In one embodiment, the computer program when executed by the processor performs segmentation processing on the to-be-verified document image, and before obtaining the plurality of area images, the method may further include adjusting the obtained to-be-verified document image to a preset size to obtain the to-be-verified document image meeting the requirement of the preset size. The computer program, when executed by the processor, performs a segmentation process on the document image to be verified to obtain a plurality of document area images, and may include performing a segmentation process on the document image to be verified that meets a preset size requirement to obtain a plurality of document area images.
In one embodiment, the computer program when executed by the processor performs the identification processing on each document area image by each processing mode, and may include performing the identification processing on each document area image in parallel by the processing mode corresponding to each document area image. At least one of the document image to be verified, the document area image, the position information of the document area image on the document image to be verified, the area type of the document area image, the identification processing result of the document area image and the verification result of the document image to be verified is stored in the blockchain.

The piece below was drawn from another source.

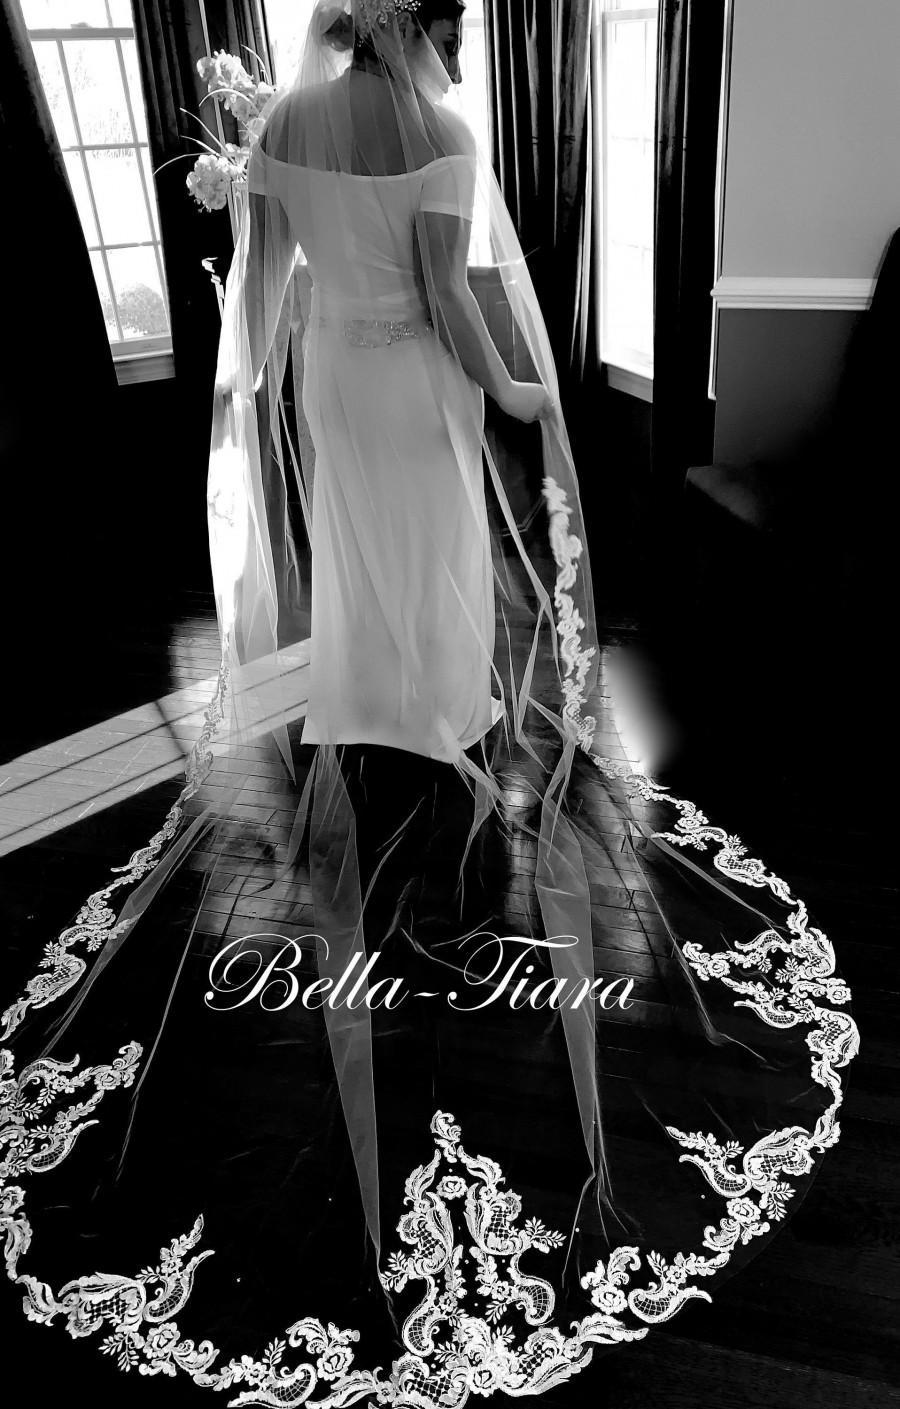 Hochzeit - royal cathedral wedding veil, lace trim cathedral veil, vintage lace cathedral veil, royal cathedral long veil, long wedding veil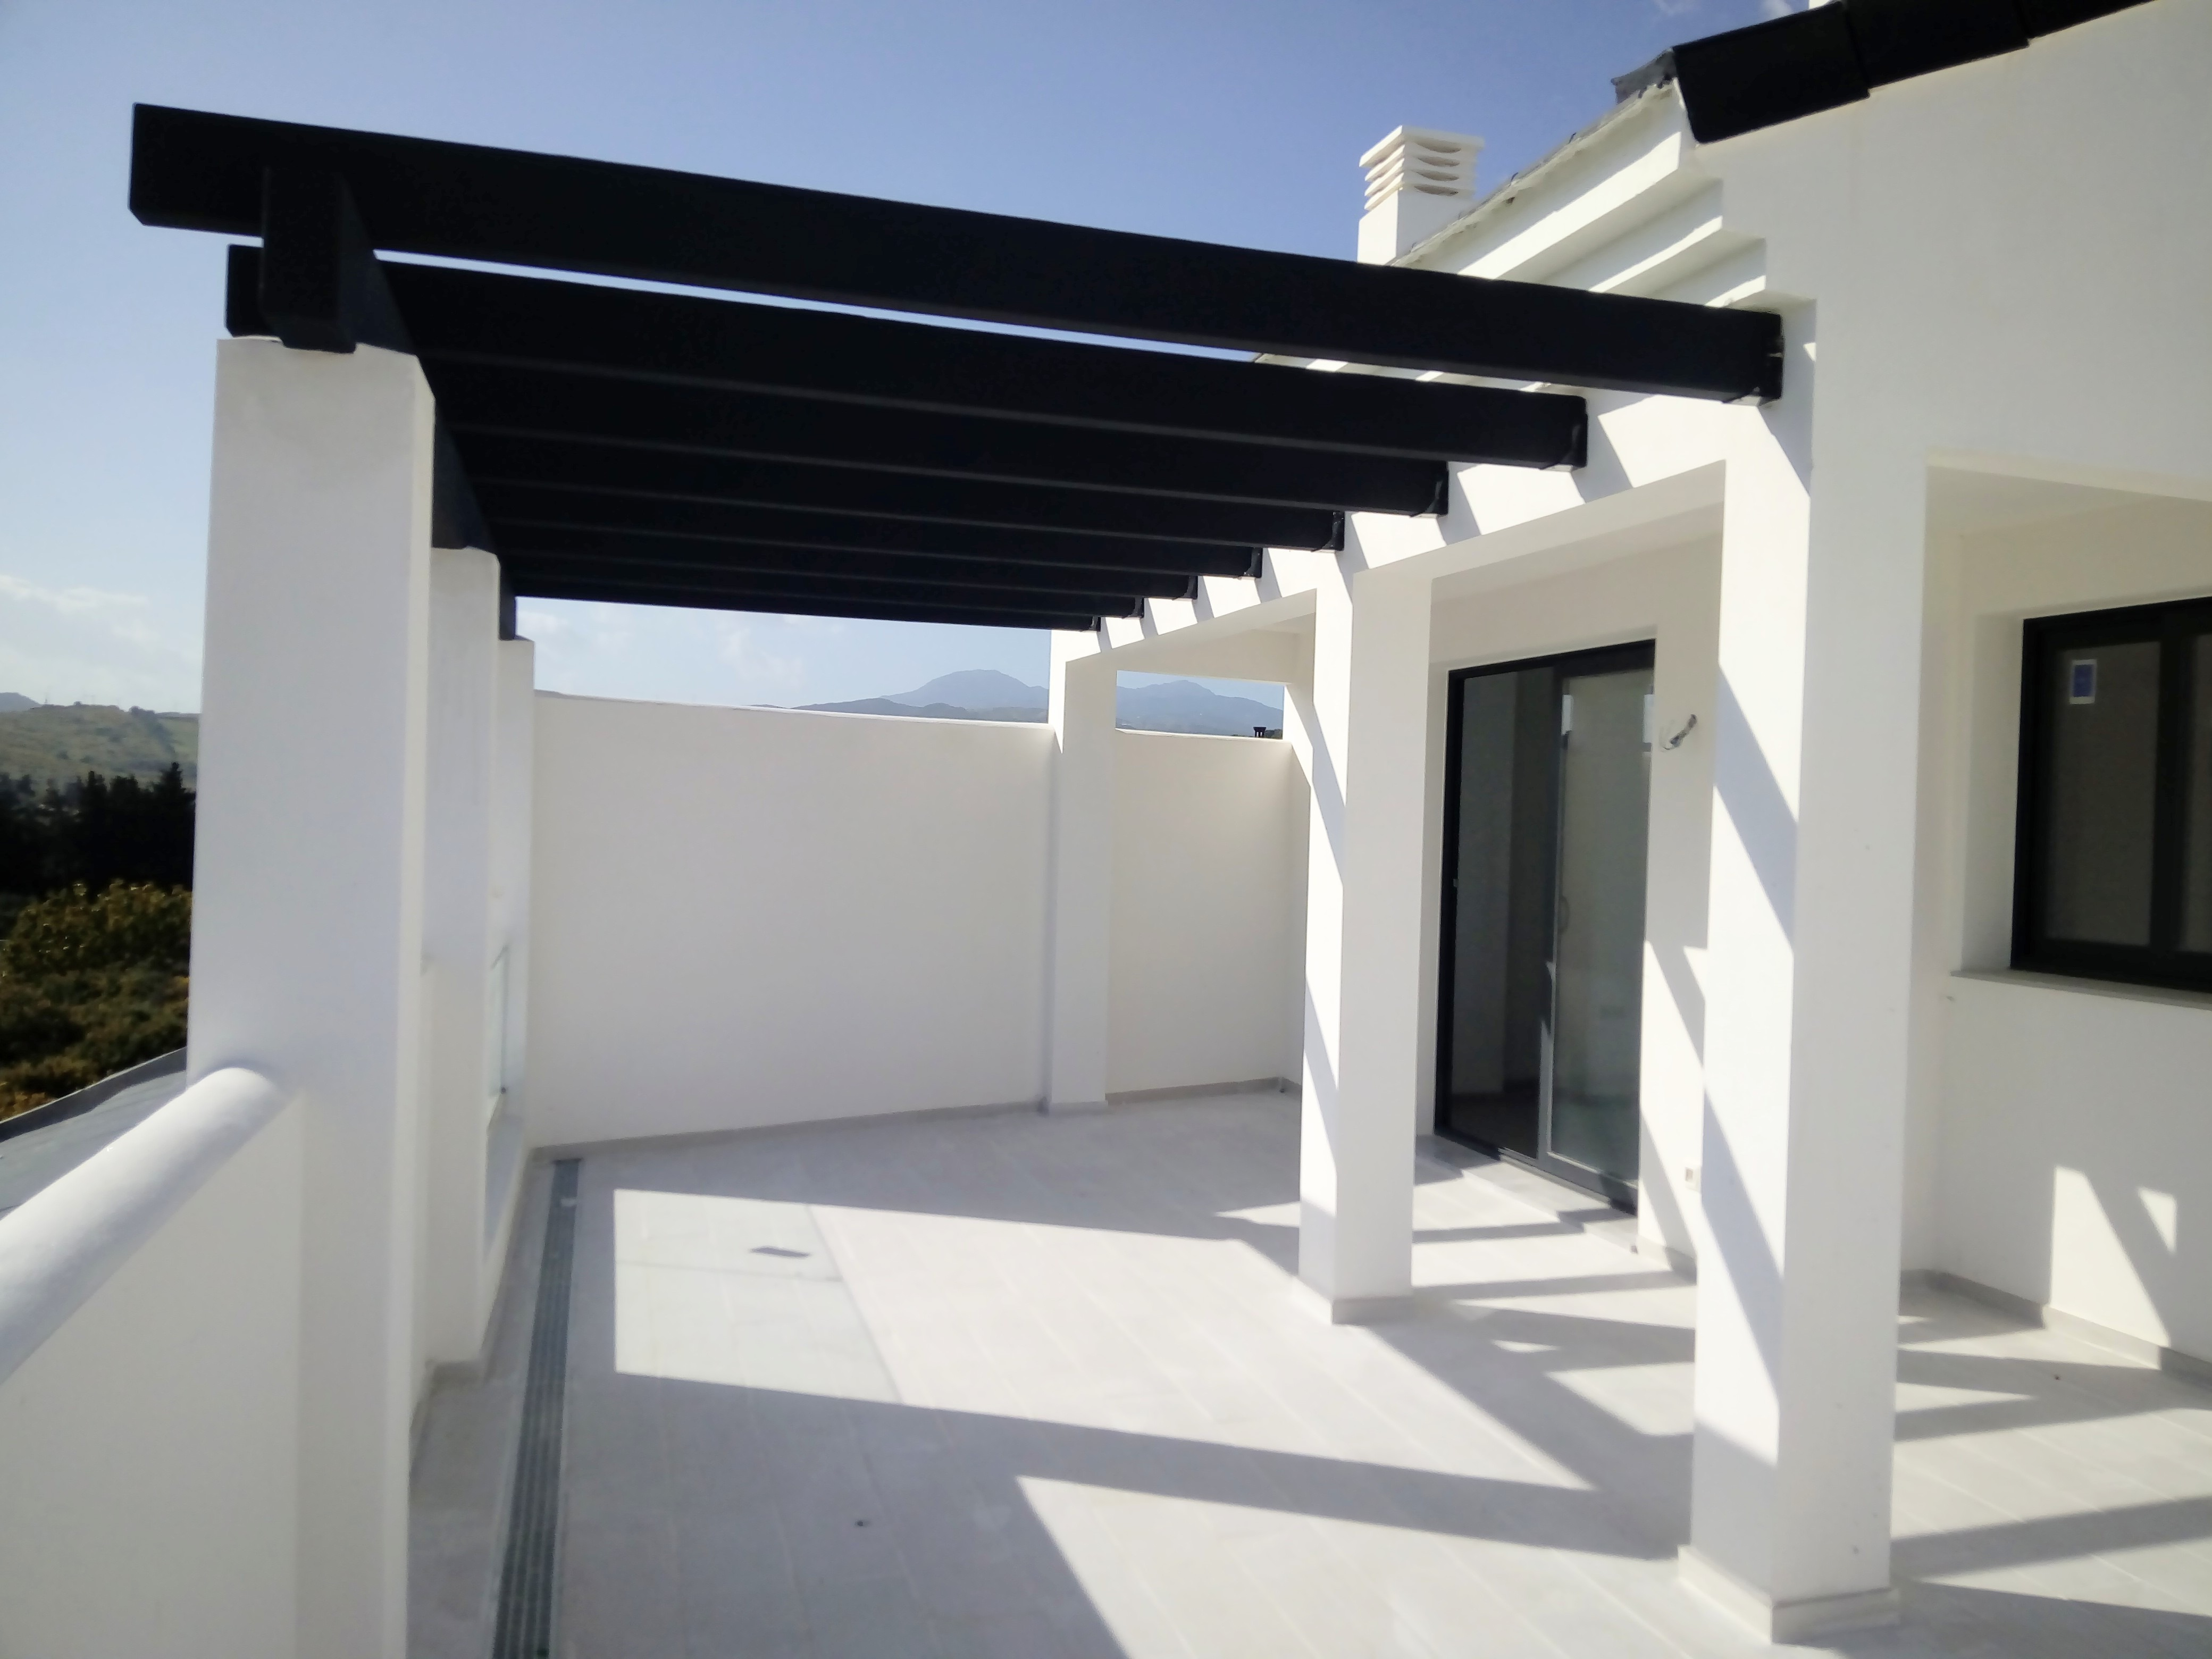 Cordoba penthouse bloc 3, B ground floor covered terrace

Those skilled in the art will appreciate that implementing all or part of the above described methods may be accomplished by way of a computer program stored on a non-transitory computer readable storage medium, which when executed, may comprise the steps of the embodiments of the methods described above. Any reference to memory, storage, database, or other medium used in embodiments provided herein may include non-volatile and/or volatile memory. The nonvolatile memory can include Read Only Memory (ROM), programmable ROM (PROM), electrically Programmable ROM (EPROM), electrically Erasable Programmable ROM (EEPROM), or flash memory. Volatile memory can include Random Access Memory (RAM) or external cache memory. By way of illustration and not limitation, RAM is available in a variety of forms such as Static RAM (SRAM), dynamic RAM (DRAM), synchronous DRAM (SDRAM), double Data Rate SDRAM (DDRSDRAM), enhanced SDRAM (ESDRAM), synchronous link (SYNCHLINK) DRAM (SLDRAM), memory bus (Rambus) direct RAM (RDRAM), direct memory bus dynamic RAM (DRDRAM), and memory bus dynamic RAM (RDRAM), among others.
The technical features of the above embodiments may be arbitrarily combined, and all possible combinations of the technical features in the above embodiments are not described for brevity of description, however, as long as there is no contradiction between the combinations of the technical features, they should be considered as the scope of the description.
The above examples illustrate only a few embodiments of the application, which are described in detail and are not to be construed as limiting the scope of the application. It should be noted that it will be apparent to those skilled in the art that several variations and modifications can be made without departing from the spirit of the application, which are all within the scope of the application. Accordingly, the scope of protection of the present application is to be determined by the appended claims.